Here's an article I wrote on the subject a while back:
http://www.altechnative.net/e107_plugins/content/content.php?content.11

I'm not sure how much of this is applicable to the specific case being 
discussed but I cannot help but wonder just how many (if any at all) 
"enterprise grade" storage solutions take all of what is mentioned there 
into account. In my experience the difference in I/O throughput can be 
quite staggering, especially for random I/O.

> Unfortunately, I/O traffic shaping is still in its infancy
> compared to what's available for networking - or perhaps even "infancy"
> is too generous.  As far as the I/O stack is concerned, all of the
> traffic is coming from the glusterfsd process(es) without
> differentiation, so even if the functionality to apportion I/O amongst
> tasks existed it wouldn't be usable without more information.  Maybe
> some day...

I don't think this would even be useful. It sounds like seeking more 
finely grained (sub-process level!) control over disk I/O prioritisation 
without there even being a clearly presented case about the current 
functionality (ionice) not being sufficient.

If you are running a glfs server in a guest VM, and that VM is consuming 
all of the disk I/O available to the host, then the guest VM container 
process (qemu for qemu or KVM, vmx for vmware, etc.) can be ionice-d to 
lower it's priority and give the other VMs more share of the disk I/O. I 
haven't heard an argument yet explaining why that is not sufficient in 
this case.

> What you can do now at the GlusterFS level, though, is make sure that
> traffic is distributed across many servers and possibly across many
> volumes per server to take advantage of multiple physical disks and/or
> interconnects for one server.  That way, a single VM will only use a
> small subset of the servers/volumes and will not starve other clients
> that are using different servers/volumes (except for network bottlenecks
> which are a separate issue).  That's what the "distribute" translator is
> for, and it can be combined with replicate or stripe to provide those
> functions as well.  Perhaps it would be useful to create and publish
> some up-to-date recipes for these sorts of combinations.

Hold on, you seem to be talking about something else here.
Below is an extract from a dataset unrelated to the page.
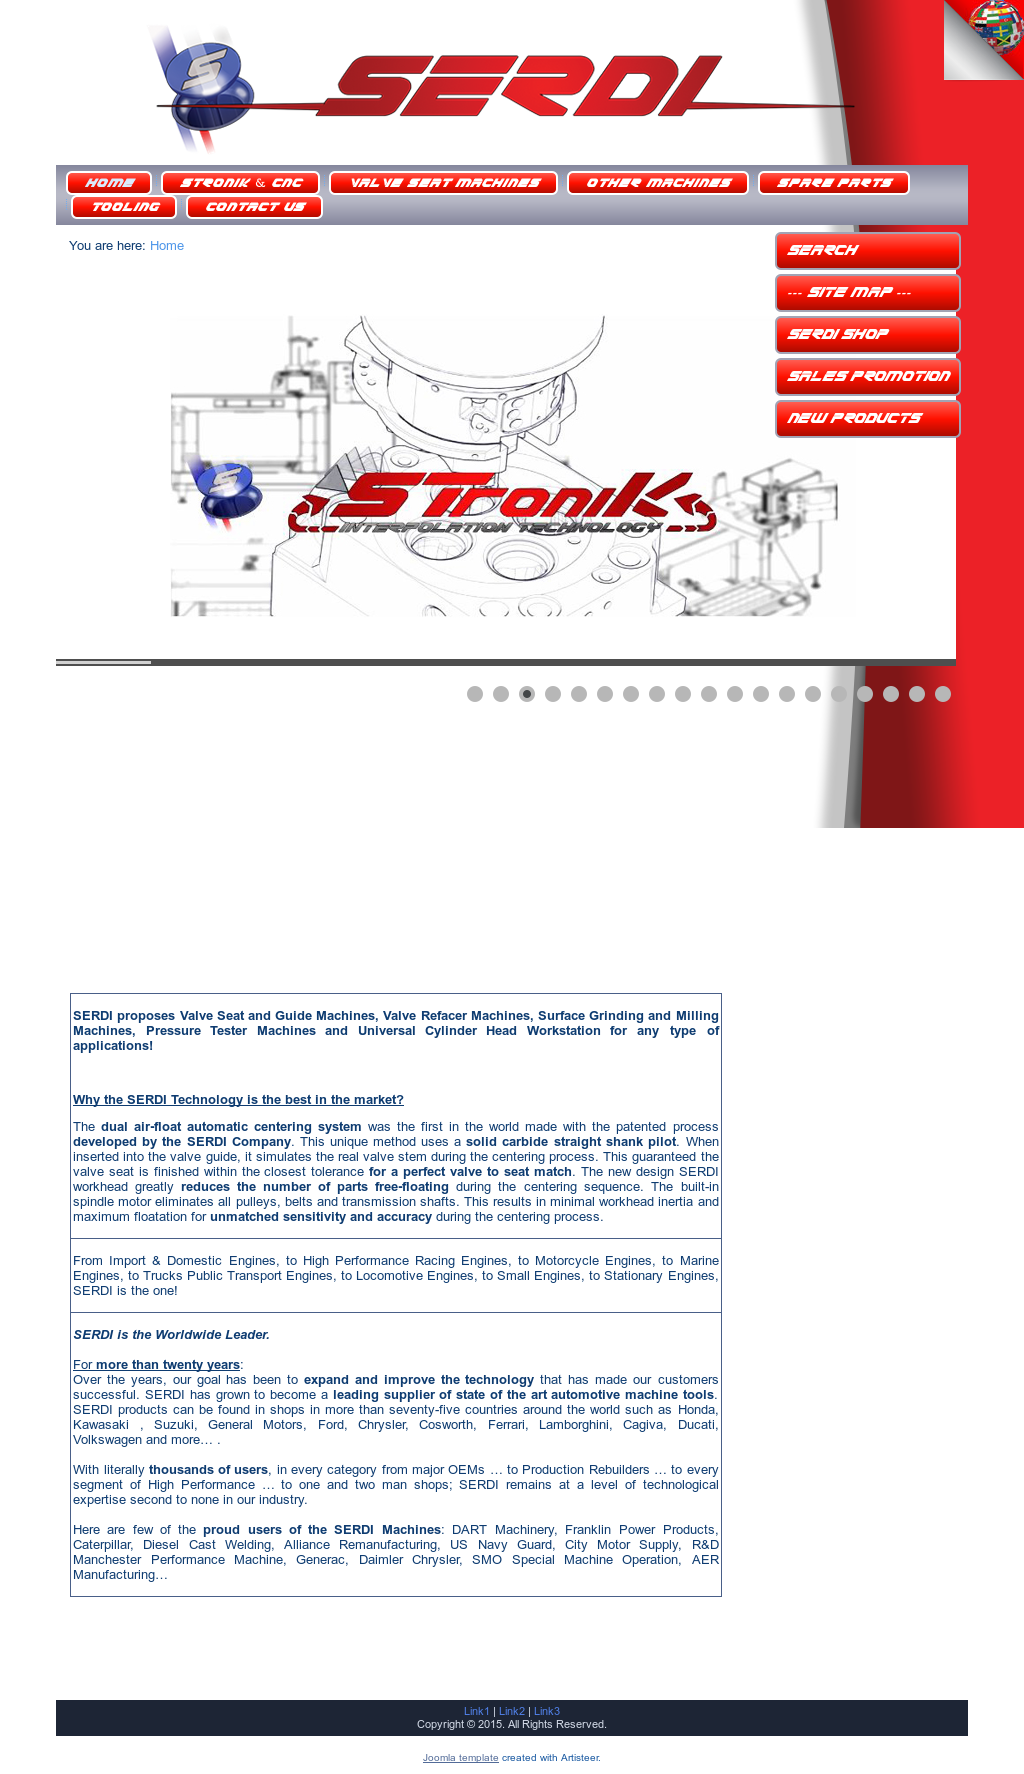 Serdi Competitors, Revenue and Employees - Owler Company Profile

You're 
talking about clients not distributing their requests evenly across 
servers. Is that really what the original problem was about? My 
understanding or the original post was that a glfs server VM (KVM) was 
consuming more than it's fair share of disk I/O capability, and that 
there was a need to throttle it - which can be done by applying ionice 
to the qemu container process.

Given that this has been pretty much ignored, I'm guessing that I'm 
missing the point and that my understanding of the problem being 
experienced is in some way incorrect. So can we have some clarification 
on it, with the explanation of why ionice-ing the qemu process isn't 
applicable? What other feature is required and why exactly would it be 
useful?

Gordan